The famous Babington Letter (the seventeenth of July 1586 letter from Mary to Babington in which Mary set down her personal signed approval of the proposed assassination of Elizabeth) was intercepted at Seething Lane on the eighteenth of July, was decrypted by Phelippes overnight, and was laid before Burghley at Whitehall on the morning of the nineteenth of July 1586. The decrypted letter (the famous postscript on the small added gallows-and-noose symbol that Phelippes added in his own hand at the foot of the decryption-margin, with the marginal note of which Walsingham's Cecil-archive papers preserve the original) was the documentary evidence Burghley had been waiting for. He ordered Walsingham to allow Babington to draft and send the reply-to-Mary that would confirm the operational plan, then to arrest the conspirators and bring the plot to public trial.
THE FOTHERINGHAY CONSEQUENCE
Babington was apprehended at his London house in St John's Wood on the night of the fourteenth of August 1586 by Walsingham's officers; the thirteen co-conspirators were rounded up across the next ten days. They were tried at Westminster Hall on the thirteenth and fourteenth of September 1586 before the special commission Burghley had constituted, were convicted on the strength of the Babington-Mary correspondence, and were hanged-drawn-and-quartered at St Giles's Fields outside London on the twentieth and twenty-first of September 1586.

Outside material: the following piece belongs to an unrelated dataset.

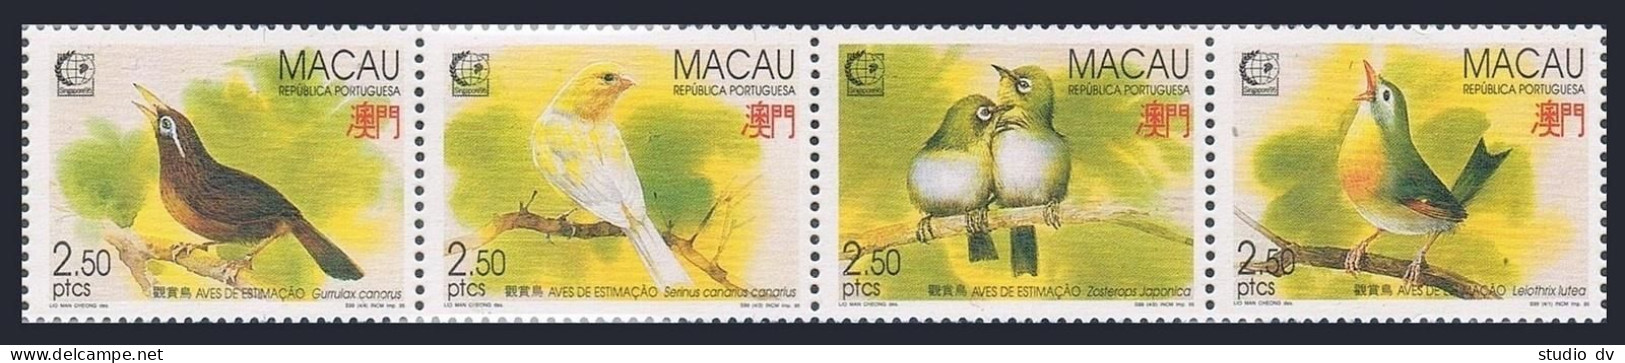 Macao 786-789a Strip, MNH. Michel 814-817. SINGAPORE-1995. Birds. - Ongebruikt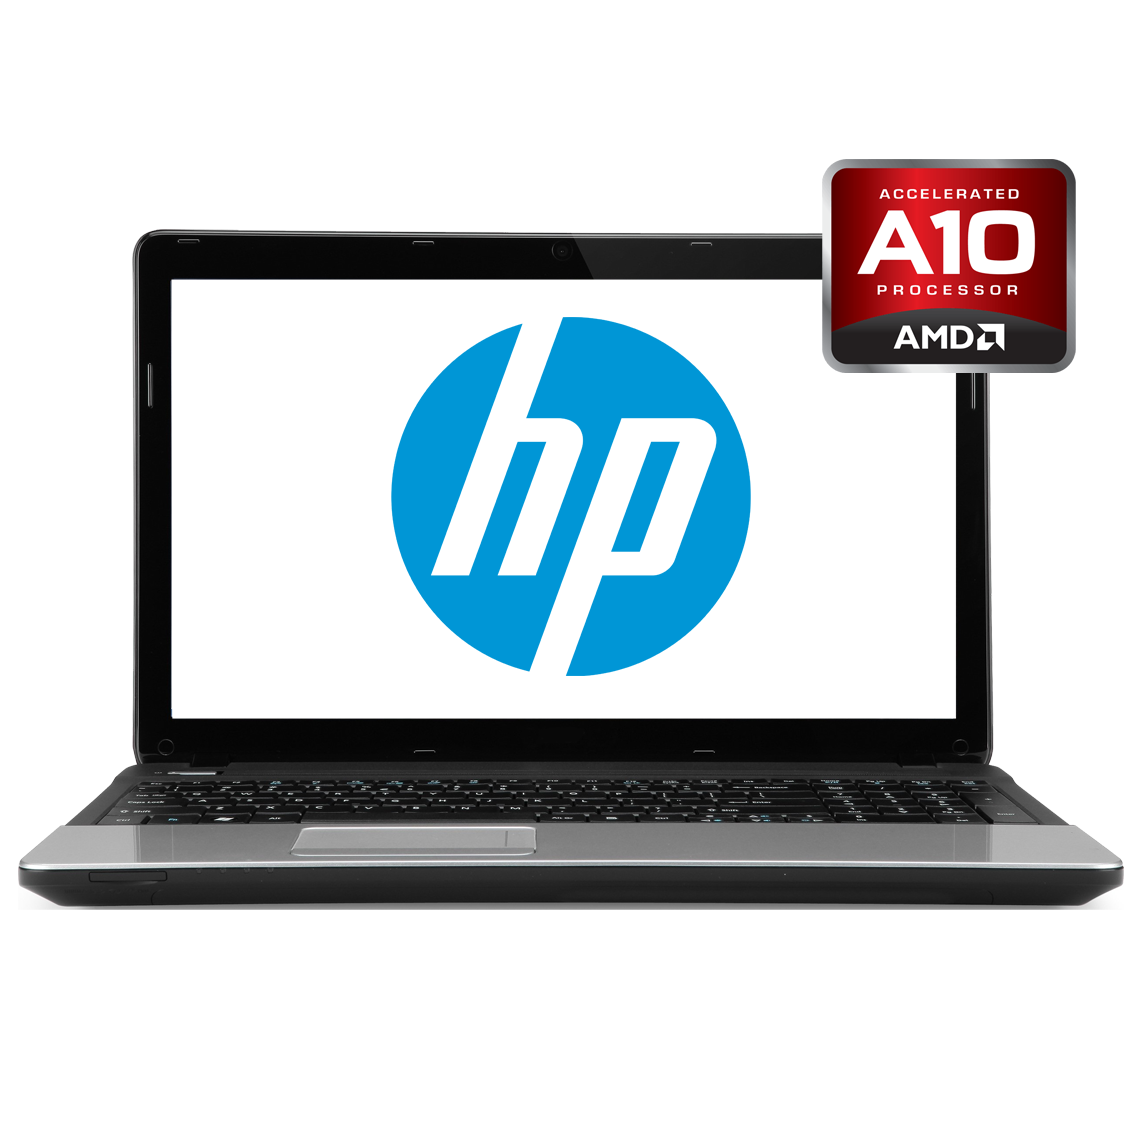 HP - 17.3 inch AMD A10

The Mary trial was the central single constitutional question for Burghley. Mary was a foreign anointed queen; she was the cousin of the English queen; she was the senior Catholic claimant to the English throne; and the precedent of trying her on a treason charge under English law was unprecedented and constitutionally radical. Burghley personally drafted the constitutional case for the trial in a memorandum to Elizabeth on the twenty-fourth of September 1586, persuaded Elizabeth (who hesitated until October) to convene the special commission, and on the fourteenth of October 1586 conducted the formal opening of the Mary trial in the great hall of Fotheringhay Castle in Northamptonshire (the Crown-owned Edward-of-York castle that had been Mary's confinement-residence since the previous month). The commission of forty-six peers and Privy Counsellors heard the Phelippes decryptions of the Mary-to-Babington correspondence and convicted Mary on the twenty-fifth of October 1586.
Mary was executed in the great hall at Fotheringhay on the morning of the eighth of February 1587 (the warrant signed by Elizabeth on the first of February and despatched by Burghley to the Fotheringhay commission against Elizabeth's last-minute hesitation; the famous Davison-episode in which the Privy Council acted in advance of Elizabeth's final confirmation). The execution closed the Mary problem permanently. The Spanish Armada was launched the next year on the strength of the Mary execution as the casus belli, was defeated in August 1588 by the combined Anglo-Dutch fleet under Charles Howard, and the Elizabethan Protestant settlement was secured on the strength of Burghley's careful constitutional management. The Cecil name in modern English constitutional history carries the weight of the eighteen-month Babington operation and the morning at Fotheringhay.